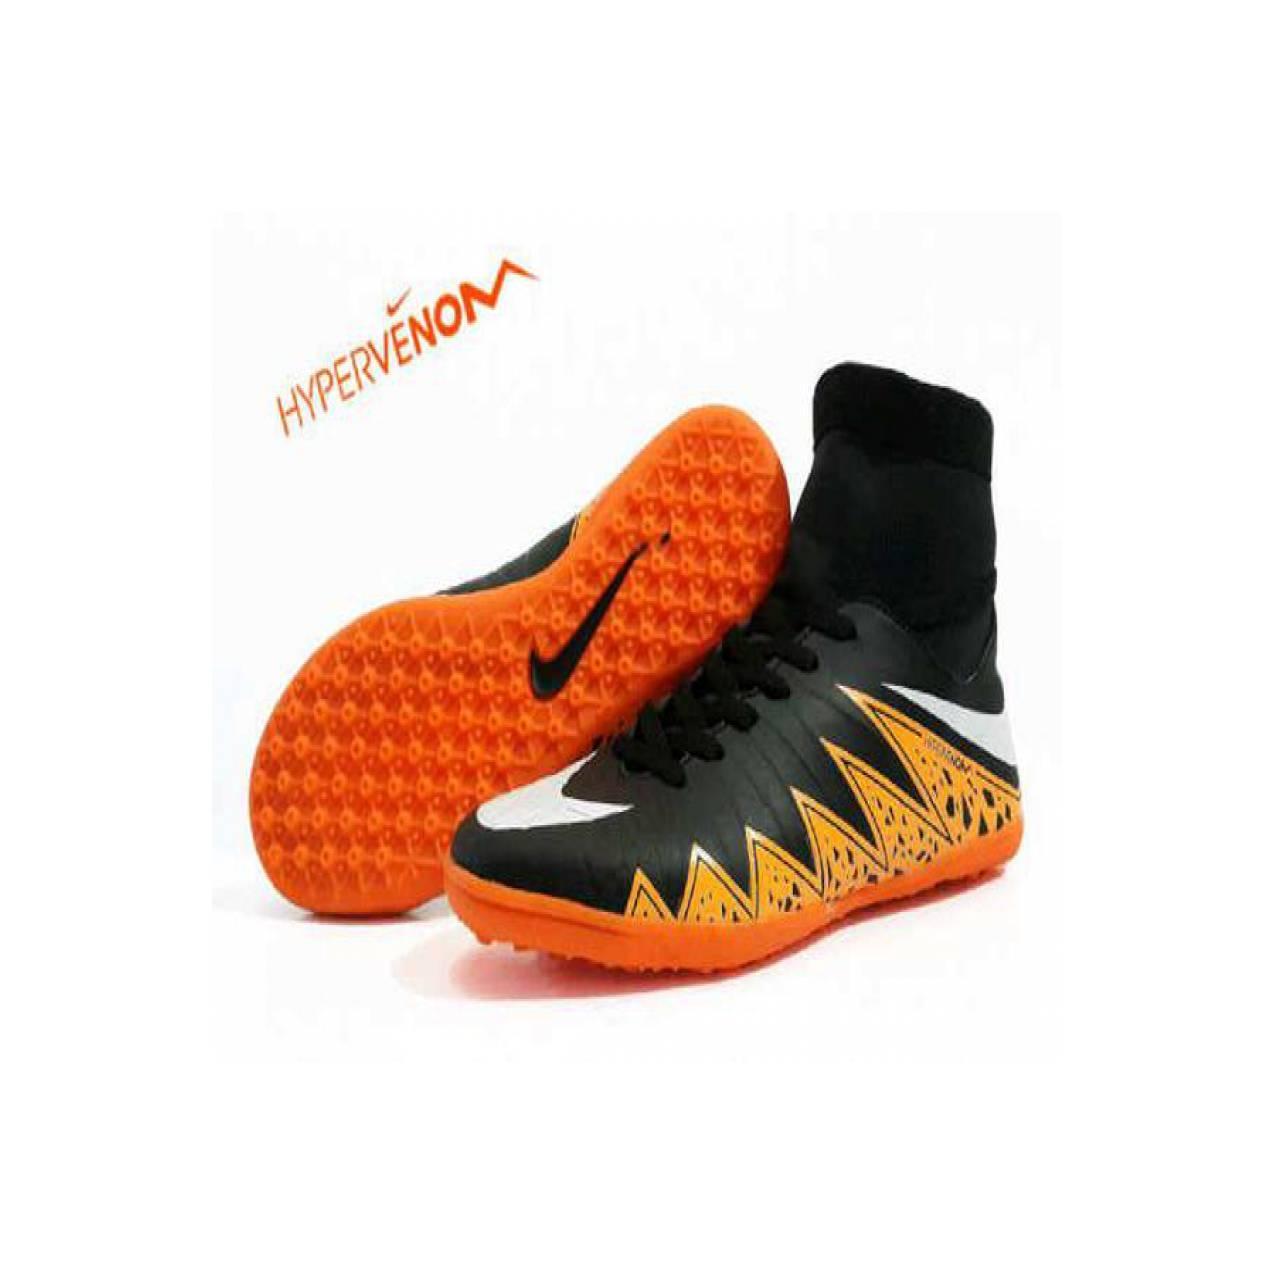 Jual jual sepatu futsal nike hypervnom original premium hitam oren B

* * *

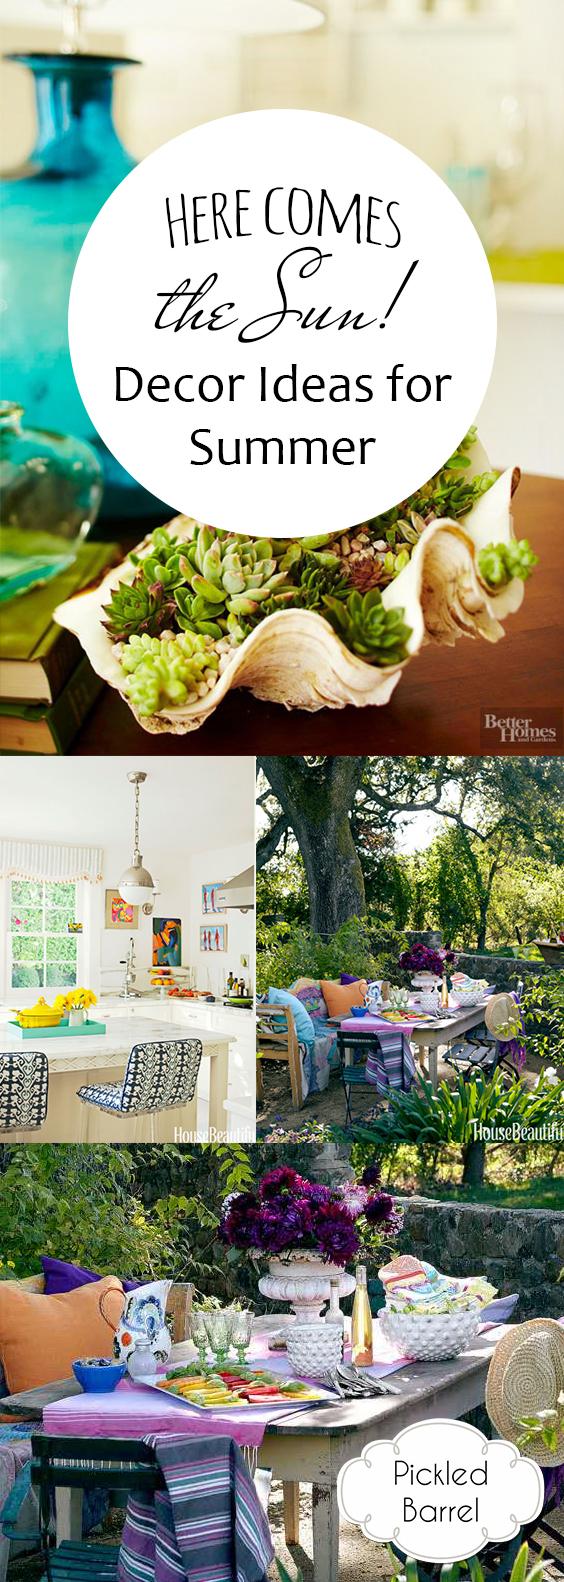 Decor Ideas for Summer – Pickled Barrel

--

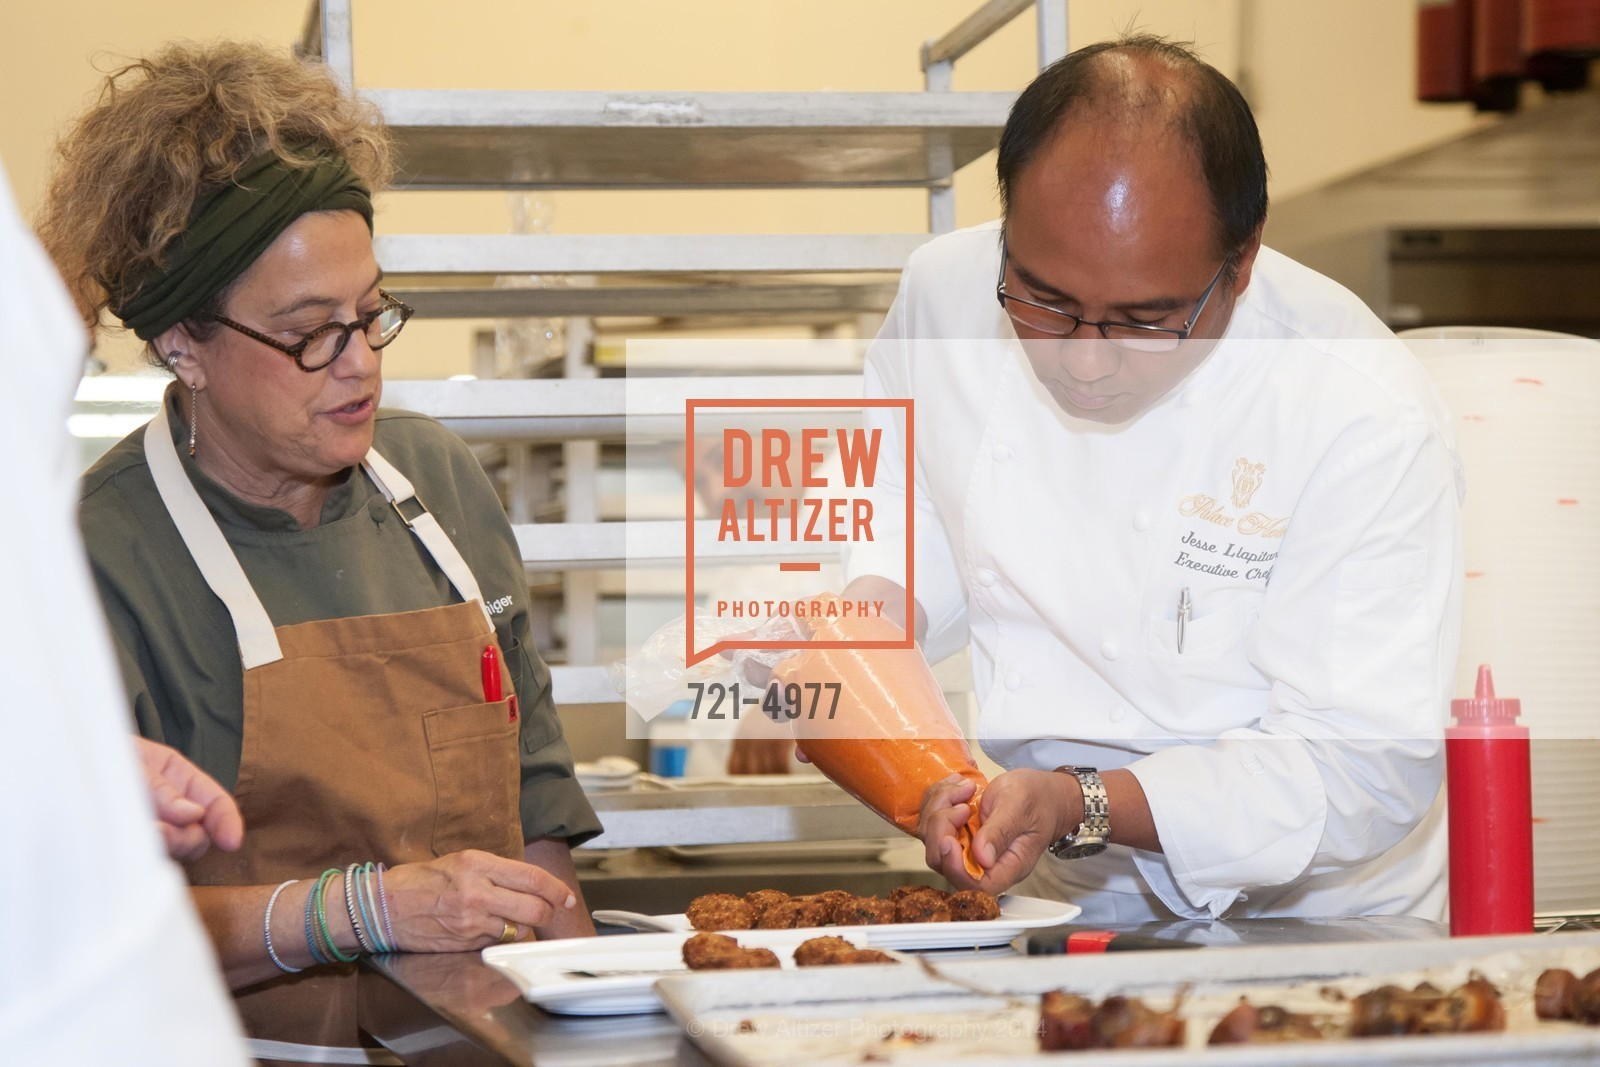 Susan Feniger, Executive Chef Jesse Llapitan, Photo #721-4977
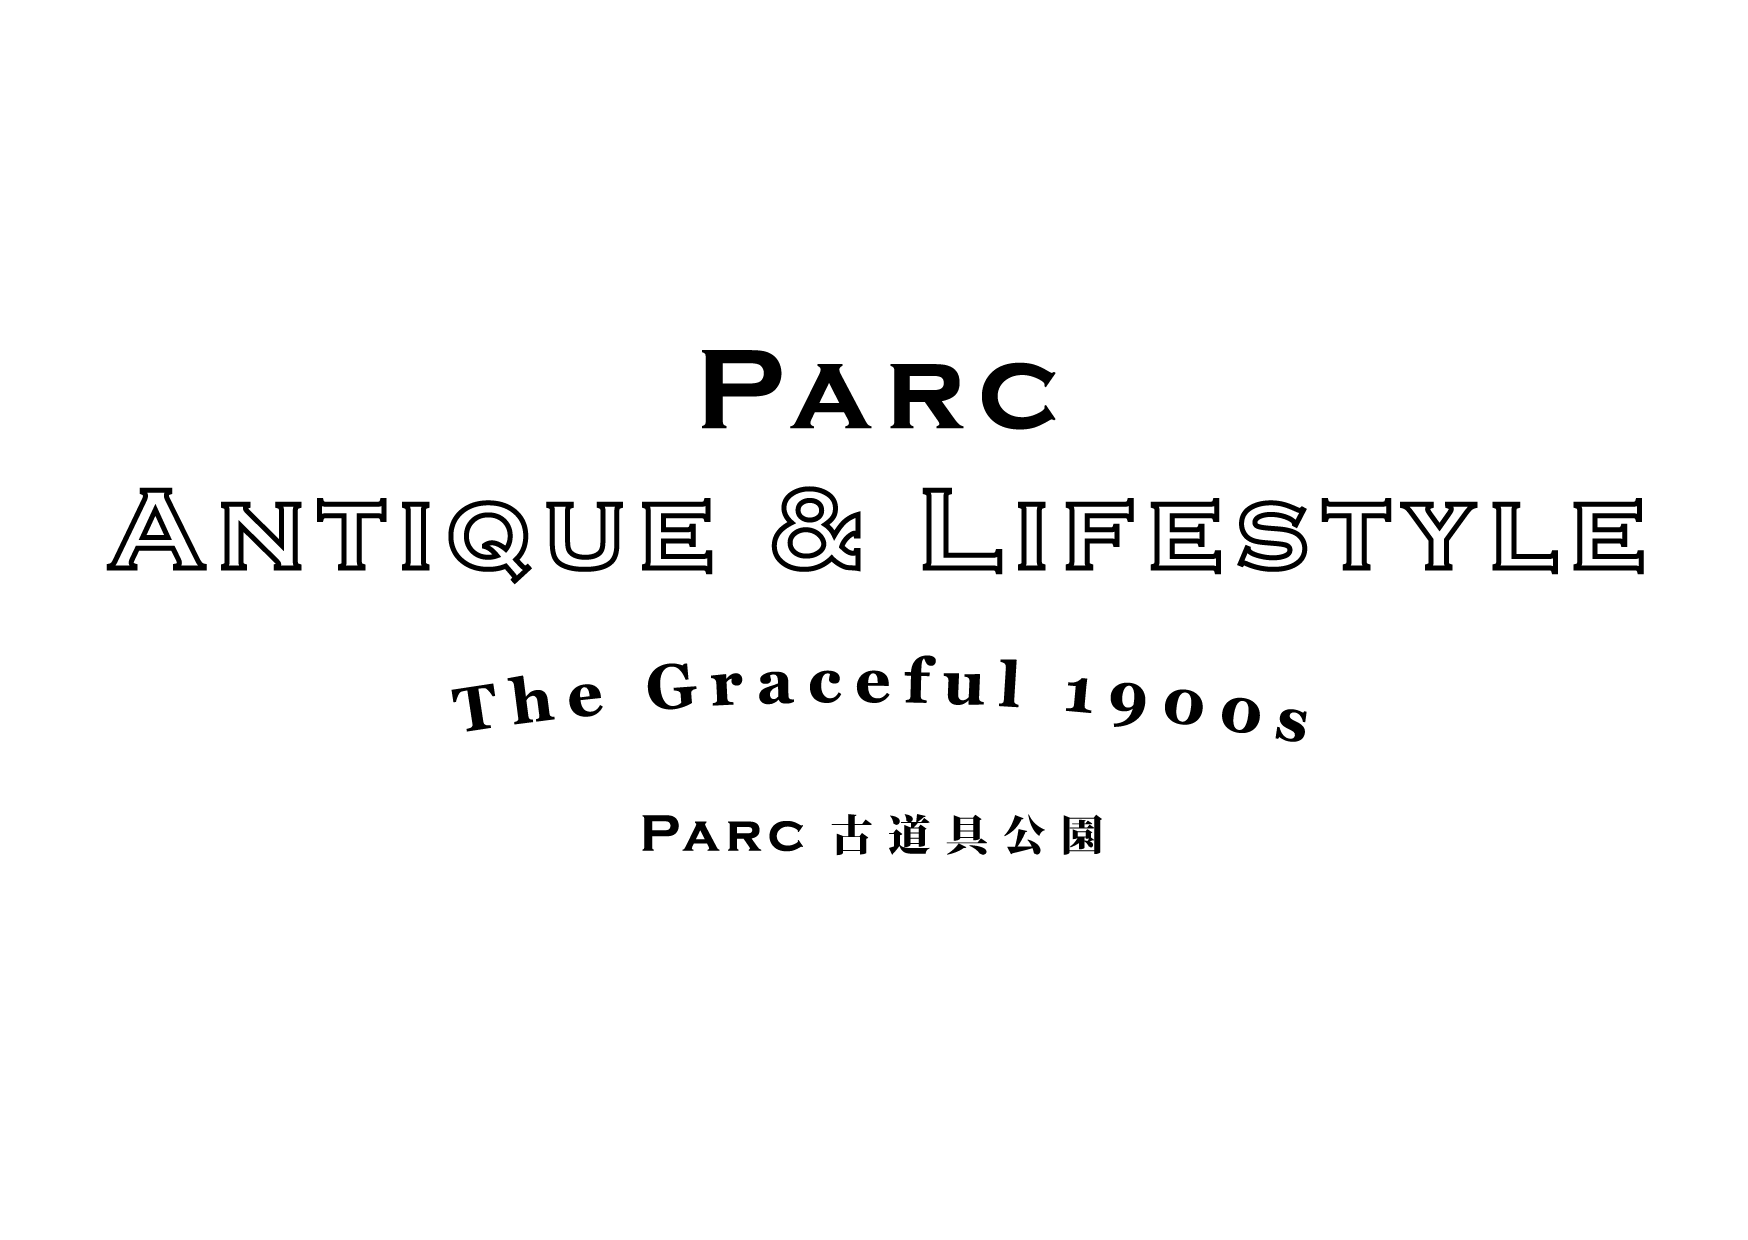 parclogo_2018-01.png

What the exercise asks
Write out exactly the lines above between the one with "Susan Feniger, Executive" and the one with "parclogo_2018-01.png", inclusive, with pictures left out.

The answer
 Susan Feniger, Executive Chef Jesse Llapitan, Photo #721-4977
 parclogo_2018-01.png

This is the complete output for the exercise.